Interesting comments. I agree with several things you say: Dave w74 21:03, 21 March 2006 (UTC)
  • Yes I agree this page could be named better to make it clear we are talking about a Microsoft API. I propose moving this page to "Microsoft Speech Application Programming Interface". The stuff I wrote on this page was absolutely not intended to imply that this is the only Speech API in the world, or that it was the first, or that it was the best.
  • Then in the SAPI disambiguate page one could add references to pages about other Speech APIs {if they exist}. However, to be clear, I think almost always the abbreviation "SAPI" refers to the Microsoft API. Other APIs tend to have slightly different abbreviations such as JSAPI for Java Speech API and SRAPI for Speech Recognition API. But I think it would be reasonable if it helps avoid confusion.
  • I think you're proposing a page about Speech APIs in general. I'm not sure I think this is necessary - I don't think there's "Telephony API" page, or a "Mail API" page so why add one for this? I also think it would be hard to discuss Speech APIs in general - there are so many kinds {recognition, synthesis, desktop, telephony, speaker verification etc.} But if you think it adds value, go for it ... Dave w74 21:03, 21 March 2006 (UTC)
Just switching it to MS SAPI or Microsoft SAPI would be good enough, but SAPI alone is a generic term used by multiple products.. Even the most common speech engine used in automated, voice recognising phone systems (more and more common with customer support these days) calls their product a SAPI and it does both ends of the job. I am pretty certian (but could be wrong) that the ViaVoice engine can do both, though the actual application they publish for speech recognition only does one. There are also SAPI's in other OSes. I will grant that YES, when most people say SAPI, they mean Microsoft SAPI, but when most people say computer they mean a Winbox too, but I don't see putting an entry up on computers that focuses on Windows. Though I use Windows a lot, I am actually partial to LINUX or Solaris, myself. As far as a general SAPI entry for Speech Application Programming Interface, I don't feel quite qualified to give it the history it would deserve. As Far as I am aware, the term SAPI for Speech Application Programming Interface was actually first coined in the mid-80s to describe the program end of a hardware device that could let older 8-bit computers use a VOX chip to talk. Can't find any older history on it, but there may be. - Original commenter - 12:53, 22 March 2006 (UTC)
If you can locate a "Speech Application Programming Interface" that goes by that very specific name in common usage, that isn't the API discussed in this article, please feel free to link it here in the talk section, and we'll sort it out. The proper capitalisation of the name is no accident; it really is the only API out there in the world that goes by that exact name. Renaming this article to "Microsoft SAPI" is a very bad idea, as it reduces the readability of the article's title -- the fact that it's a speech API is far more important than the fact that Microsoft produced it. The only circumstance by which this article should change names is if there is a specific disambiguation need. Right now, there simply isn't. Warrens 14:20, 22 March 2006 (UTC)

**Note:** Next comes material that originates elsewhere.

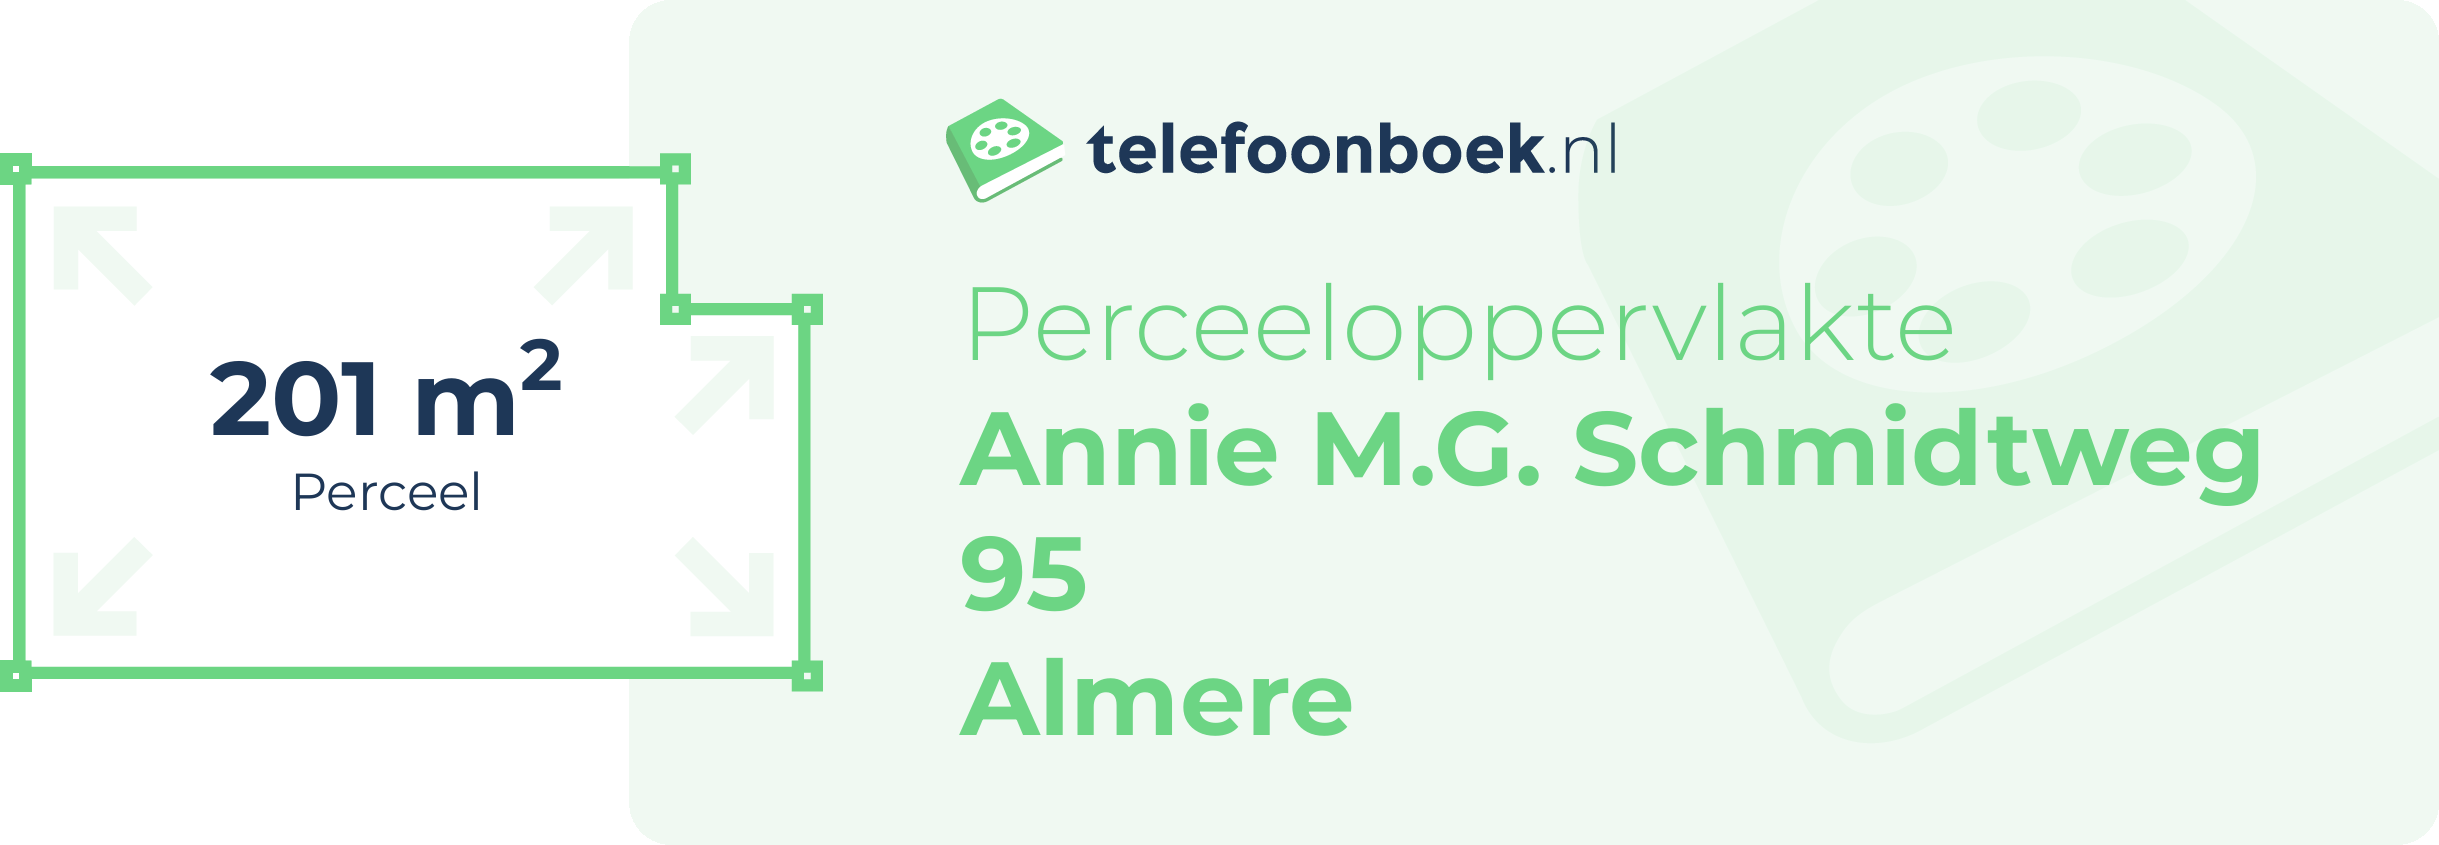 Perceeloppervlakte Annie M.G. Schmidtweg 95 Almere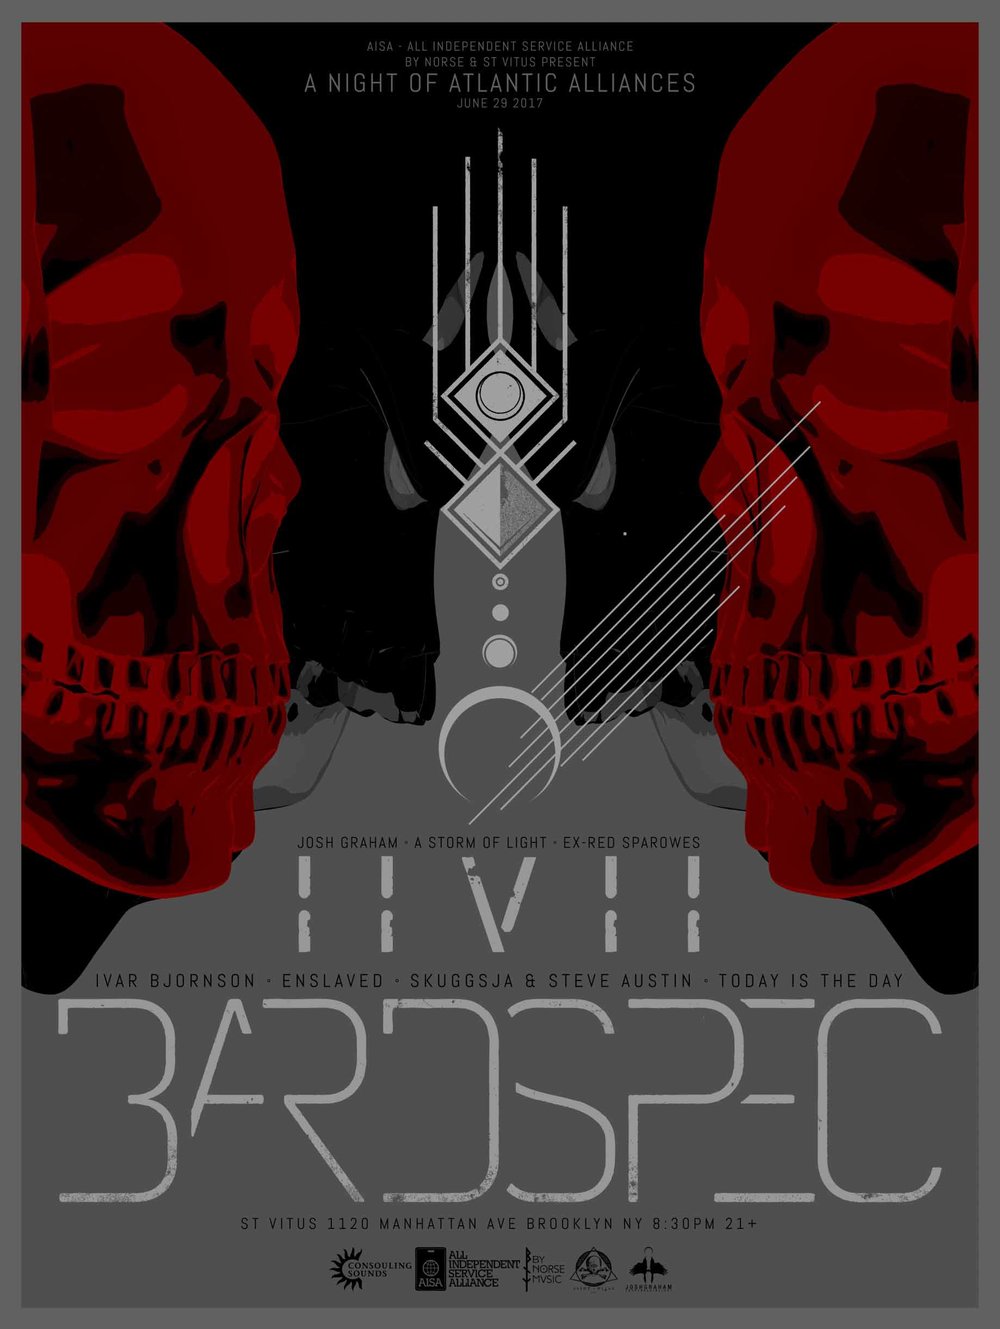 Bardspec / IIVII / Gnaw at Saint Vitus NYC

[edit] 101 Things to do with Microsoft Sam

For a list of fun things to do with Microsft Sam, see User:Martinultima/101 Things To Do With Microsoft SamSpongeSebastian 04:58, 17 August 2006 (UTC)

[edit] Why merge with Microsoft Sam???

I don't understand why Microsoft Sam was deleted and now redirects here. I thought the Microsoft Sam page was absolutely fine. Now we have weird sections on this page with people pointing out that certain words sound funny, which really doesn't seem to fit well with the rest of the content.

I agree that getting a perfect arrangement of pages related to Microsoft Speech is a bit tricky, but this move seems counter-productive to me. Dave w74 02:24, 17 October 2006 (UTC)

I also removed the Easter Egg section. This wasn't a deliberate joke by Microsoft, it's just a bug or limitation in the TTS voice, and as such I don't think it's notable. No TTS engine pronounces every word or phrase perfectly - it's just a fact of the technology. User:Martinultima/101 Things To Do With Microsoft Sam is a great place for this kind of fun stuff.